Fiona Apple – Paper Bag

Um sonho realizado precisará se sustentar através da realidade. É a partir daí que ele migrará para um entre dois caminhos iminentes: A morte certa ou alimentação através do ilusório para continuar satisfazendo o conquistador do sonho. É que nossos desejos são moldados de acordo com contextos muito específicos. Uma etapa da vida pode transbordar uma significação que você acha que será apropriada para sempre quando, na verdade, as significações que já cumpriram seus papeis poderiam ir embora sem maiores danos, desde que não tivéssemos impregnado as vontades com insistência, com o vigor de quem quer ver os sonhos se metamorfoseando em outros, como se eles pudessem se estender do seu plano transitório para uma realidade fixa.

O prazer dos sonhos não é constante. A realização cumpre o seu papel e depois se vai, deixando talvez incentivos para próximas oportunidades. Não vejo como possibilidade a eternização de algum bem. O que vejo exaustivamente foram bens que, de sensações tão boas que deixaram, foram reaproveitados e reciclados exaustivamente, chegando ao ponto de sustentarem alegrias que, mesmo menos intensas que as dos sonhos, eram suficientes para não fazer uma pessoa sucumbir em alguma frustração.
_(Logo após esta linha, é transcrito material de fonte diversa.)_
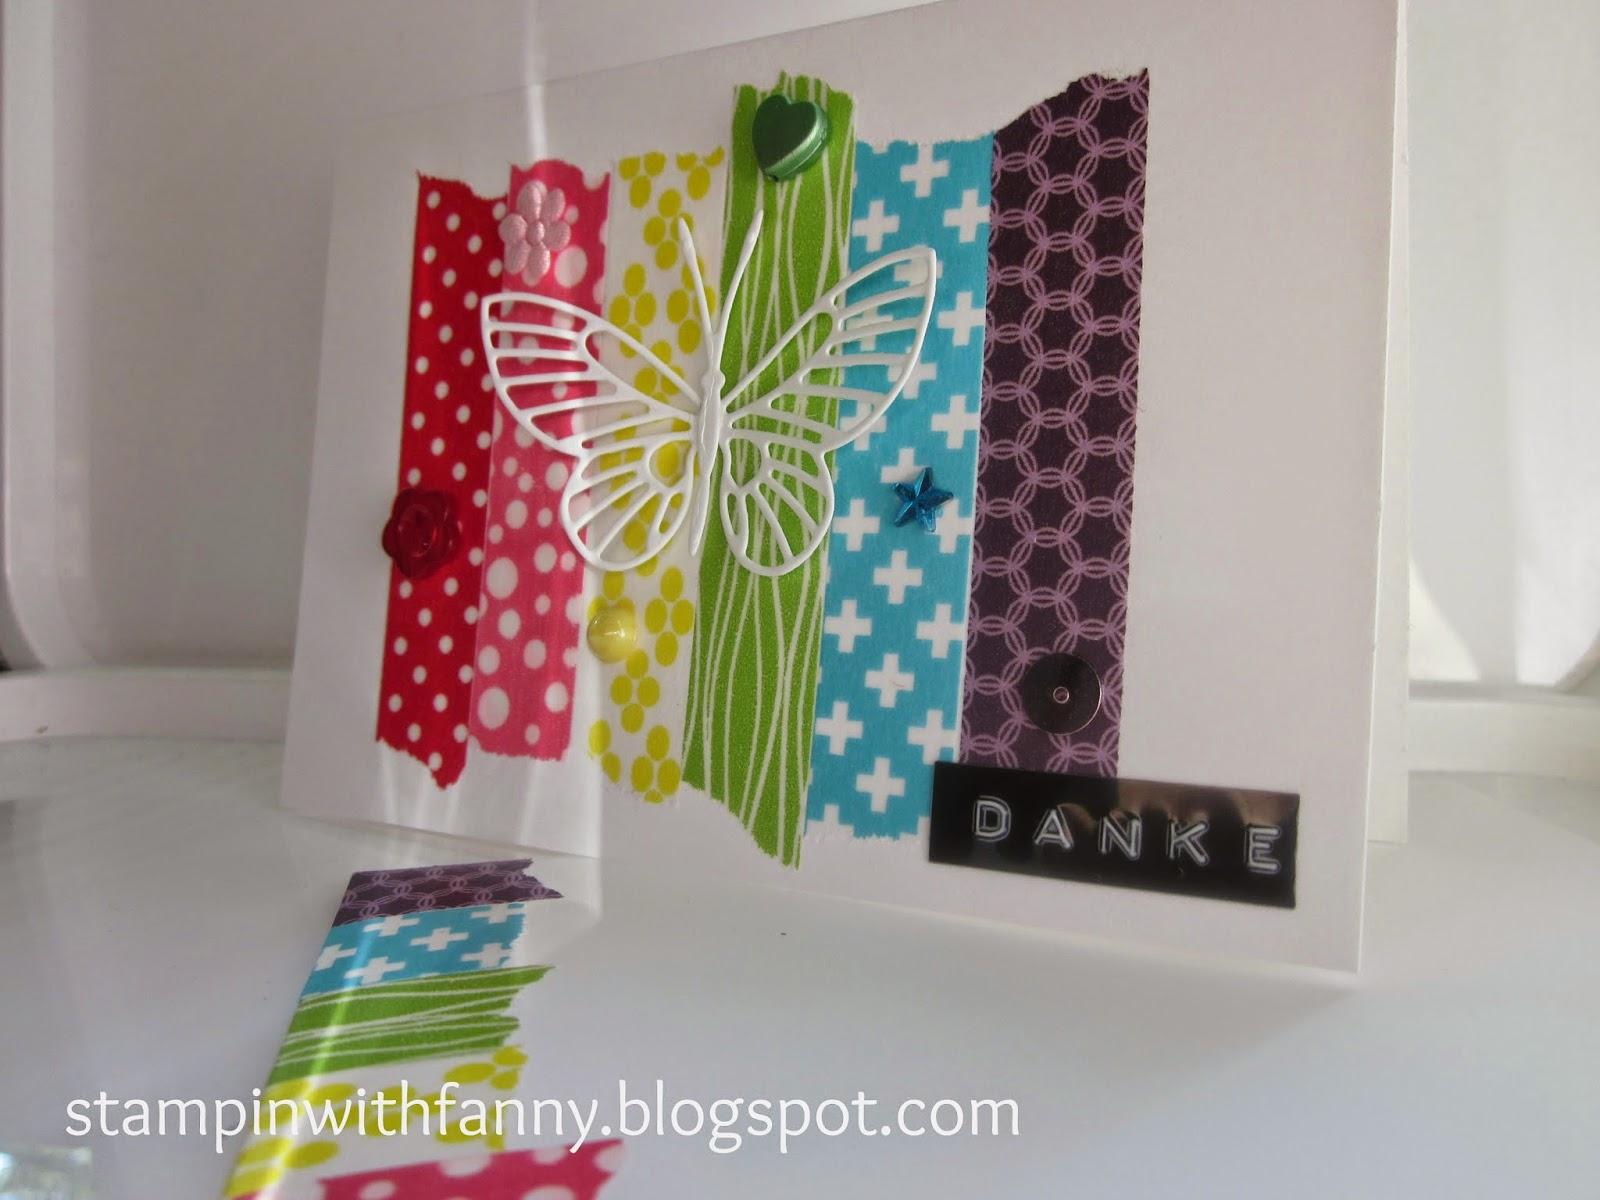 stampin with fanny ganz viele bunte washi tape karten. Black Bedroom Furniture Sets. Home Design Ideas

Lembro-me de passagens de ficções literárias que faziam os sonhos se eternizarem nas vidas dos personagens. Acho uma saída fácil e pouco inteligente da parte do escritor. Os personagens, depois de se beijarem (provavelmente após terem comido o pão que o diabo cuspiu, já que amassar é muito pouco) e encontrarem a resolução de todos os problemas nas palavras doces do parceiro, não enfrentam mais nenhuma adversidade e o romance acaba em evasivos “andaram de mãos dadas, ansiosos pela vida que teriam a frente” ou “acalentaram-se em um sincero abraço. Tornavam-se apenas um corpo que se sustentaria para além do toque da morte”. Não há a previsão óbvia das mudanças que regem o caráter das pessoas em passagens como essas. Não somos assim tão estáticos, tão previsíveis.

Um jeito mais claro de esclarecer a ideia é pensar em uma música que você apreciava muito há algum tempo. Uma dessas que você ouvia exaustivamente, que já sabia a letra de cor e imitava até as entonações mais difíceis do cantor. É provável que se você a ouça hoje em dia, continue a observar e comentar os valores mais óbvios da música, apesar de não ter mais a vontade de ouvi-la todas aquelas vezes e cantar com a mesma alegria e sensação de novidade. Não dá pra resgatar coisas que já foram adaptadas.

Existem poucas possibilidades. Ou você reordena o seu olhar ao objeto de apreciação ou deixa que ele morra dentre outras lembranças e faça parte de uma das muitas mutações que você provavelmente viverá. Os sacos de papel jamais se tornarão pássaros.